▶ **Instructions to follow**:
Write out the data exactly as given, dropping every picture.

▶ **Dataset section**:
== Segment start ==
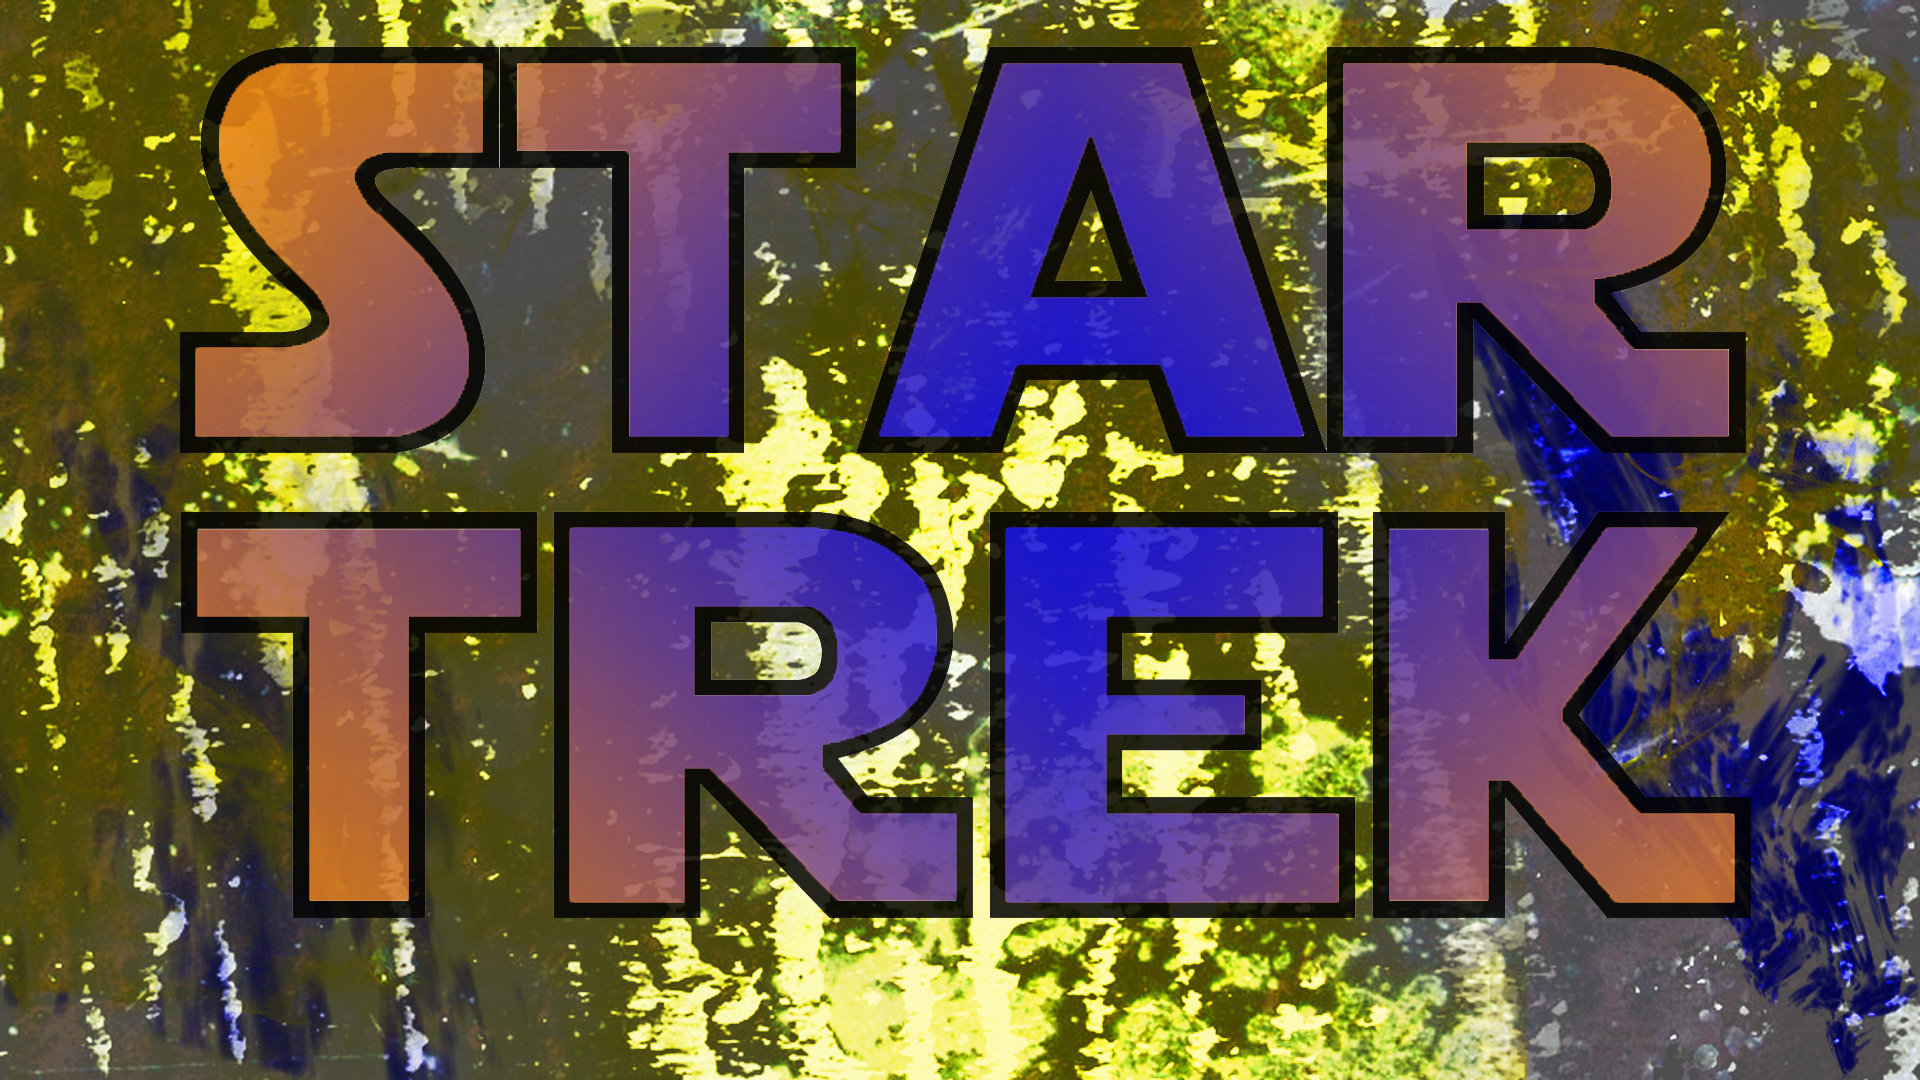 Free download Star Trek: The Original Series wallpaper ID:198091 full hd 1080p for PC
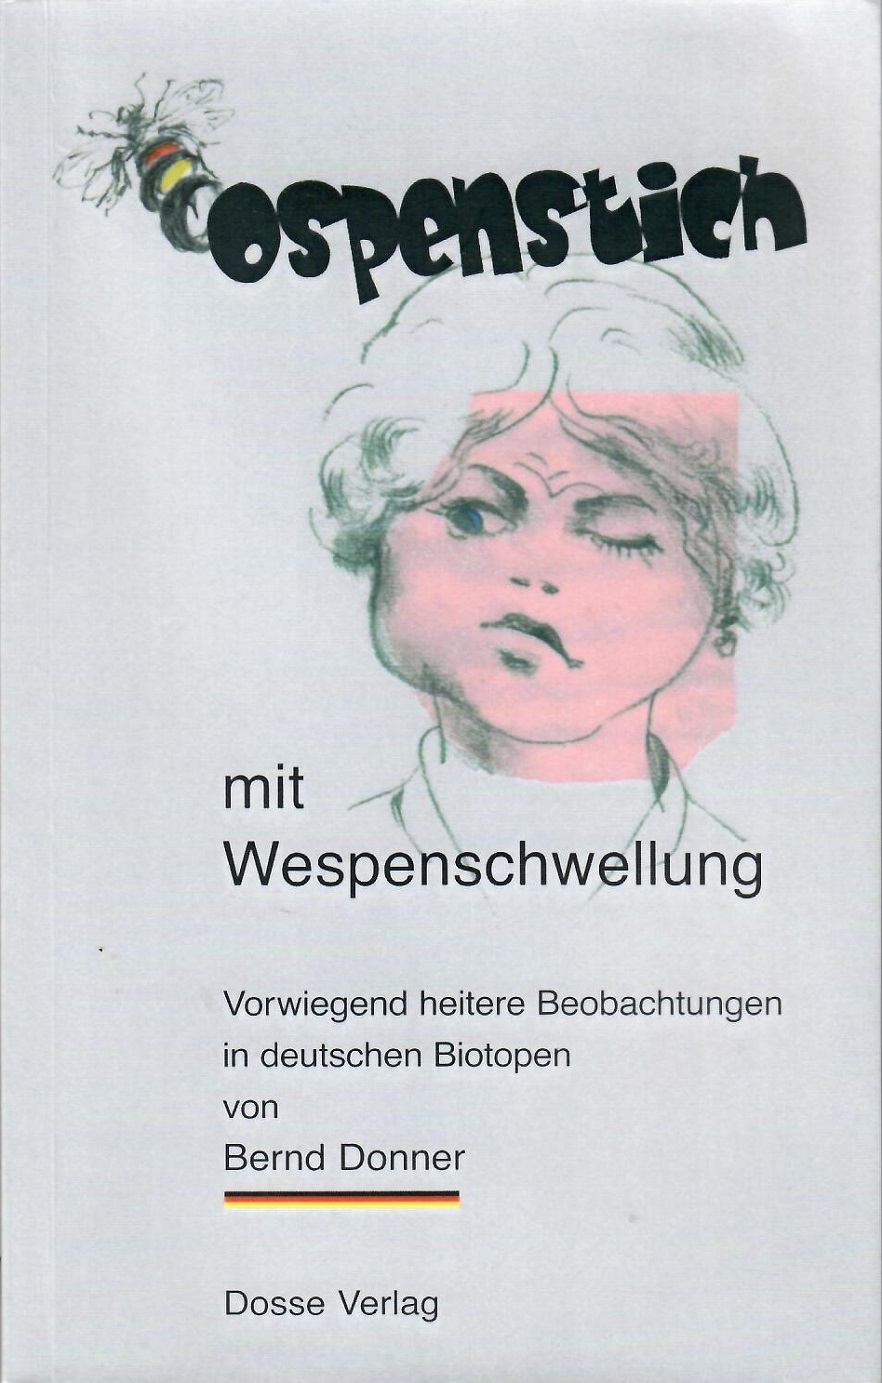 Ospenstich mit Wespenschwellung. Vorwiegend heitere Beobachtungen in deutschen Biotopen. 2. Auflage. - Donner, Bernd
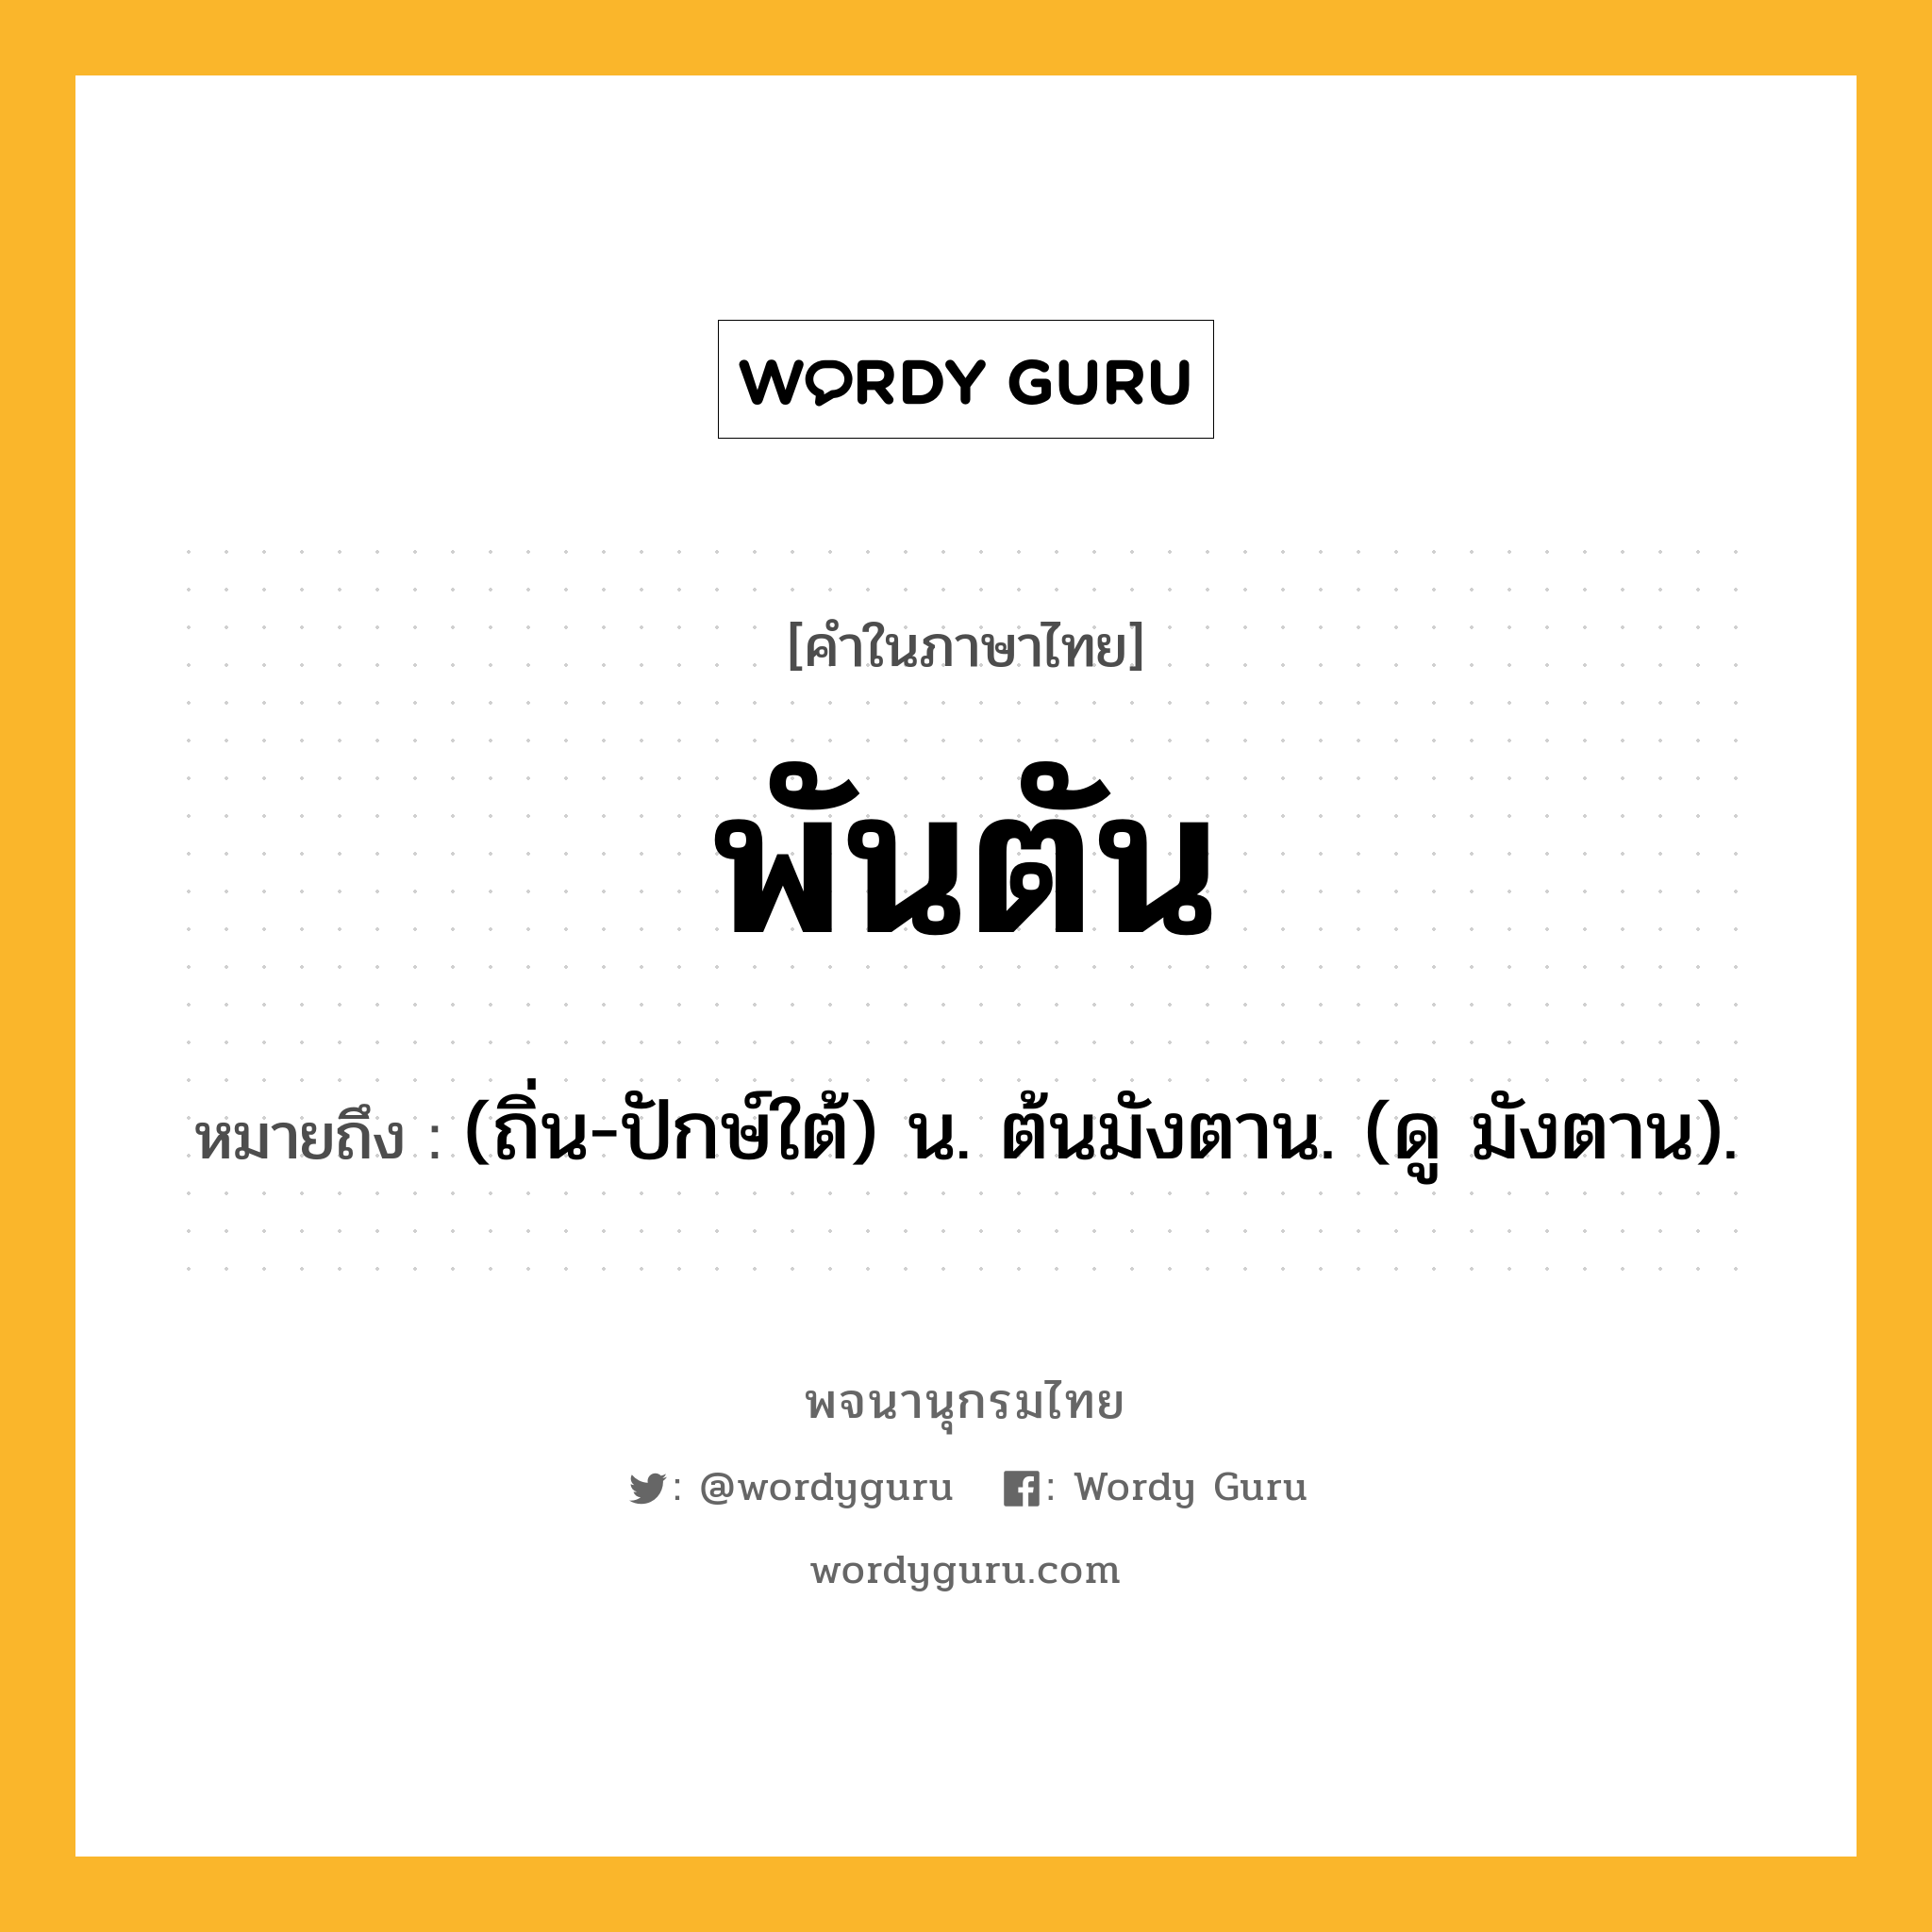 พันตัน ความหมาย หมายถึงอะไร?, คำในภาษาไทย พันตัน หมายถึง (ถิ่น-ปักษ์ใต้) น. ต้นมังตาน. (ดู มังตาน).
== Segment end ==
▶ **Reply**:
 Free download Star Trek: The Original Series wallpaper ID:198091 full hd 1080p for PC
 Ospenstich mit Wespenschwellung. Vorwiegend heitere Beobachtungen in deutschen Biotopen. 2. Auflage. - Donner, Bernd
 พันตัน ความหมาย หมายถึงอะไร?, คำในภาษาไทย พันตัน หมายถึง (ถิ่น-ปักษ์ใต้) น. ต้นมังตาน. (ดู มังตาน).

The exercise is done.